Pour Martial Foucault, directeur du Cevipof, « les violences sapent l'autorité politique et morale des élus locaux »
Par Xavier Brivet
L’enquête du Cevipof, à laquelle quelque 10 000 élus ont répondu, souligne une forme de lassitude et de découragement chez les maires. Comment l’expliquez-vous ?
Les maires sont engagés dans l’exercice de leur mandat mais ils sont de plus en plus «empêchés ». Ils l’ont été dès le début de leur mandat, en 2020, par la crise sanitaire puis par la crise économique et l’inflation. Ils le sont depuis des années par un cadre règlementaire et normatif qui ralentit et/ou complexifie la réalisation de leurs projets. Les relations difficiles avec les services déconcentrés de l’Etat, moins présents à leurs côtés, n’arrangent rien. Cette accumulation de freins, qu’il leur est quasi impossible d’expliquer à leurs administrés, toujours plus exigeants, provoque en grande partie leur lassitude. Le découragement se traduit par le nombre exceptionnellement élevé de démissions d’élus - 1300 maires et plusieurs dizaines de milliers de conseillers municipaux – depuis 2020.
La montée des violences à leur encontre n’explique-t-elle pas aussi les démissions ?
Incontestablement, c’est un facteur aggravant. Au total, 69 % des maires que nous avons interrogés déclarent avoir déjà été victimes d’incivilités, soit 16 points de plus par rapport à 2020 ! Selon les données du ministère de l’Intérieur, les agressions contre les élus, essentiellement les maires, ont augmenté de 32 % entre 2021 et 2022, et encore de 15 % en 2023. Et près de 550 communes ont connu des dégradations et des violences lors des émeutes au début de l’été dernier.
L’ensemble de ces faits sapent l’autorité politique et morale des élus locaux. Ils abîment la fonction républicaine du maire, sa légitimité. Les maires en ont assez d’être surexposés à la vindicte populaire. Ce contexte délétère peut avoir un impact sur leur engagement.
La revalorisation des indemnités n’est plus une question taboue chez les élus. Pourquoi ?
Il y a un consensus chez les élus pour dire qu’ils ne sont pas là pour gagner de l’argent. Mais ils ne veulent pas en perdre non plus. Ce constat vaut particulièrement pour ceux qui cumulent leur mandat avec une activité professionnelle -ils sont 60 % aujourd’hui. Certains ont pu remédier à la perte de revenu en cumulant certaines fonctions, électives ou non. Mais pour la plupart des élus, leur engagement républicain se traduit par un sacrifice financier. Ceci explique pourquoi ils sont aujourd’hui 48 % à juger leur indemnité insuffisante, contre seulement 25 % en 2020. Beaucoup ont découvert, depuis 2020, le fort décalage entre leur engagement dans un mandat et le niveau de l’indemnité qu’ils perçoivent.
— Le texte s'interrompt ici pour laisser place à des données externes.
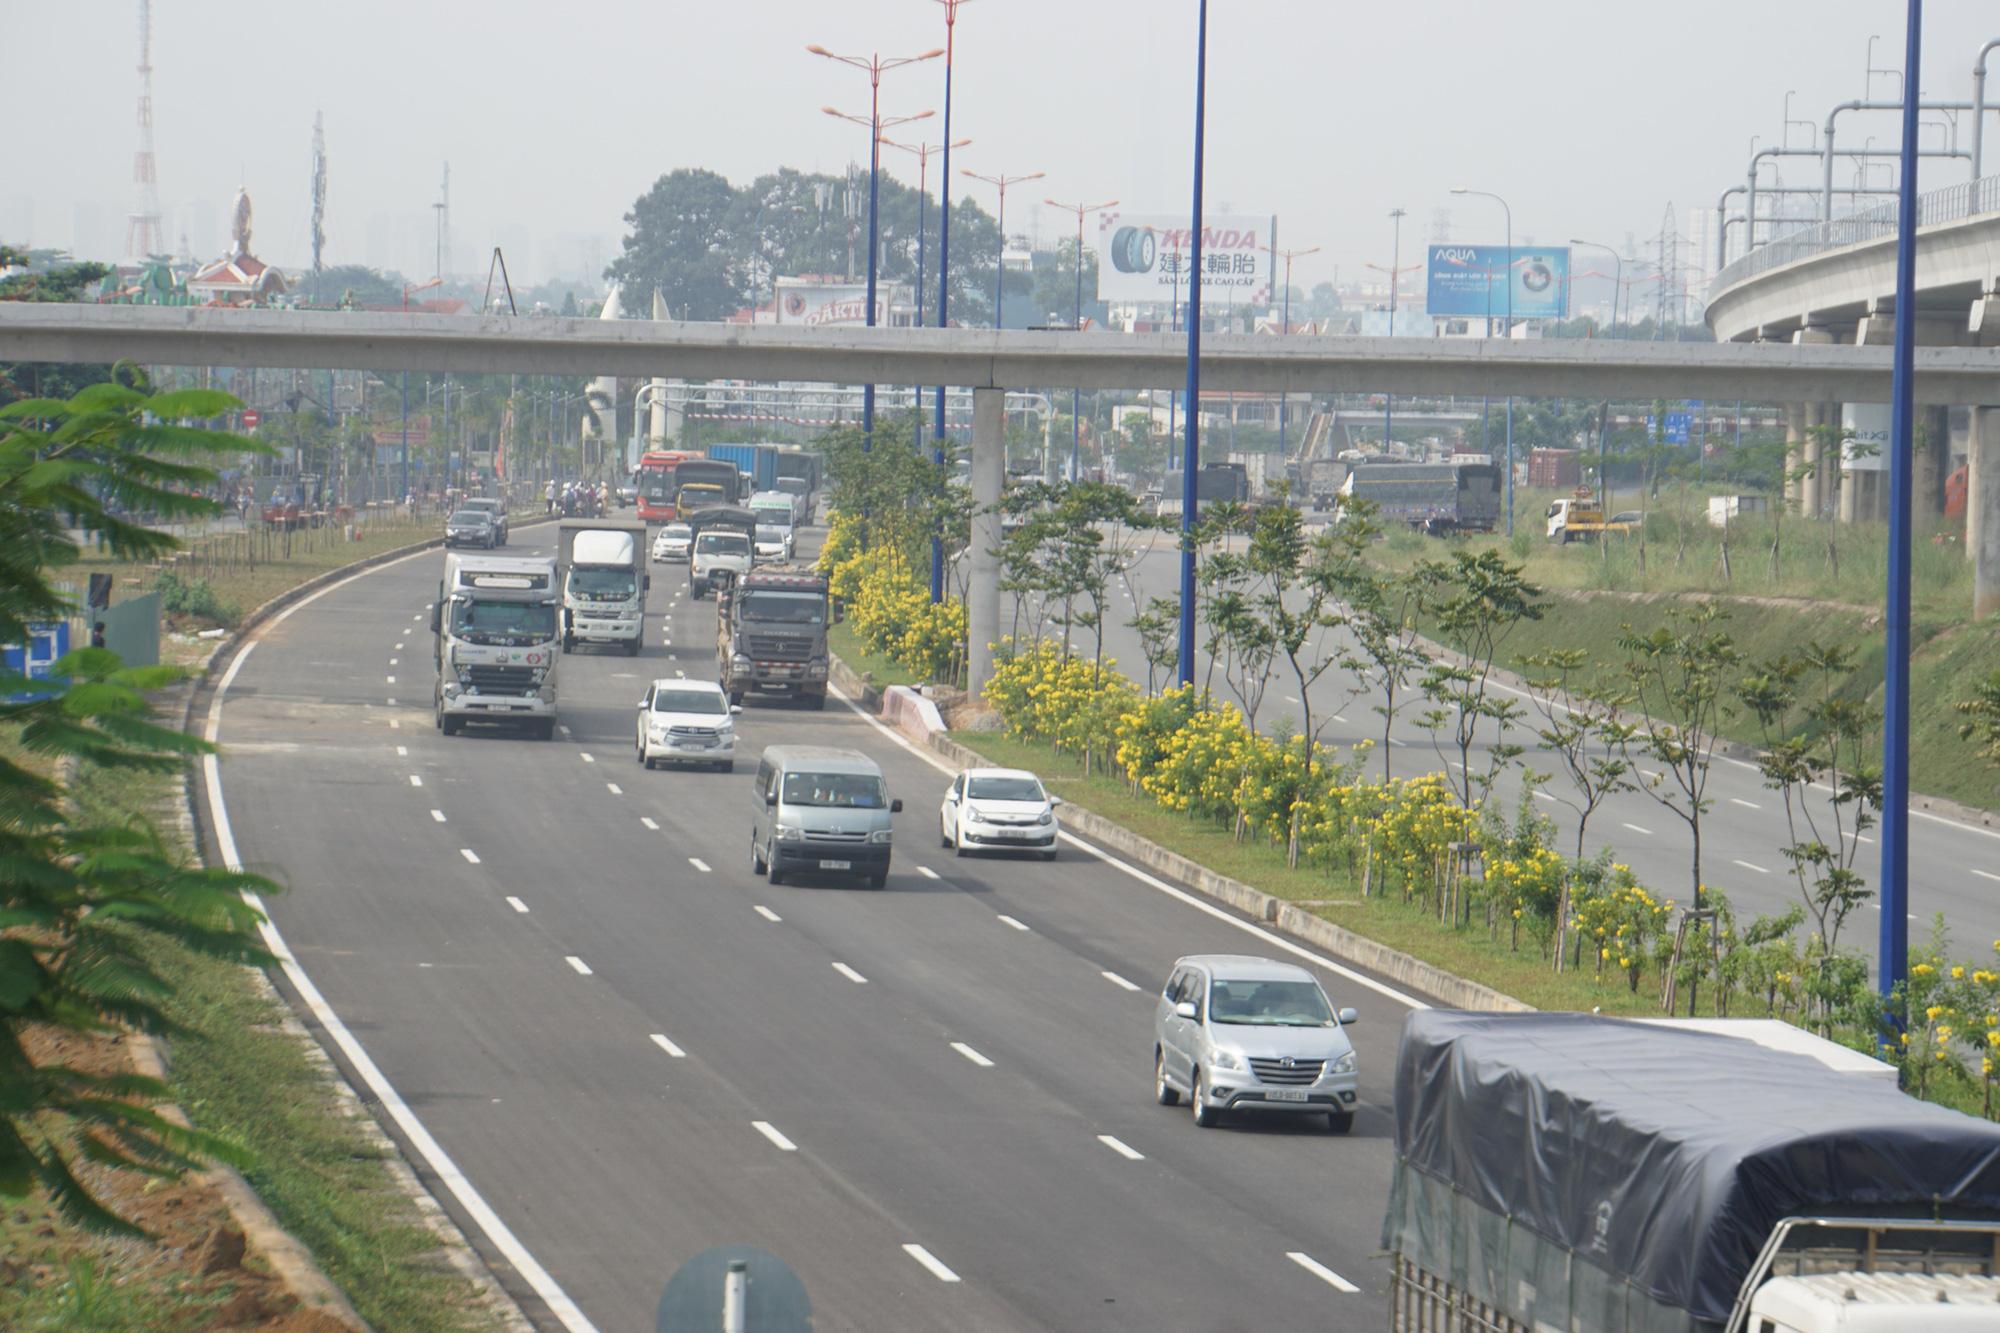 Xa lộ Hà Nội: Rút ngắn thời gian vận chuyển, tăng sức cạnh tranh cho doanh nghiệp - Ảnh 1.

Comment procéder dans ce contexte ?
Les élus locaux, comme le gouvernement, sont sur une ligne de crête : si la revalorisation de leur indemnité, aussi justifiée soit-elle, est trop importante, les élus craignent le jugement de leurs concitoyens qui les assimileraient à des professionnels de la politique locale. A l’inverse, si le gouvernement ne revalorise pas leur indemnité au niveau de leur dévouement pour l’intérêt général, en tenant compte du temps qu’ils consacrent à leur mandat et/ou des revenus de leur activité professionnelle à compenser, les vocations pourraient se tarir.
Est-ce la fin du « bénévolat républicain » ?
Non, cette forme de bénévolat existe et continuera d’exister. Je doute que l’Etat compense à sa juste mesure le caractère chronophage et la complexité de la fonction de maire. Il faudrait pour cela accorder aux maires le traitement d’un cadre supérieur - ce que certaines associations d’élus demandent du reste-, comme cela se pratique dans certains pays européens (Espagne, Allemagne, Suède, Finlande, Danemark, notamment). En France, le quasi bénévolat républicain est consubstantiel à leur engagement. En revanche, les élus veulent une «juste » indemnisation dont il reviendra au gouvernement de déterminer le niveau et le référentiel de calcul en concertation avec leurs associations.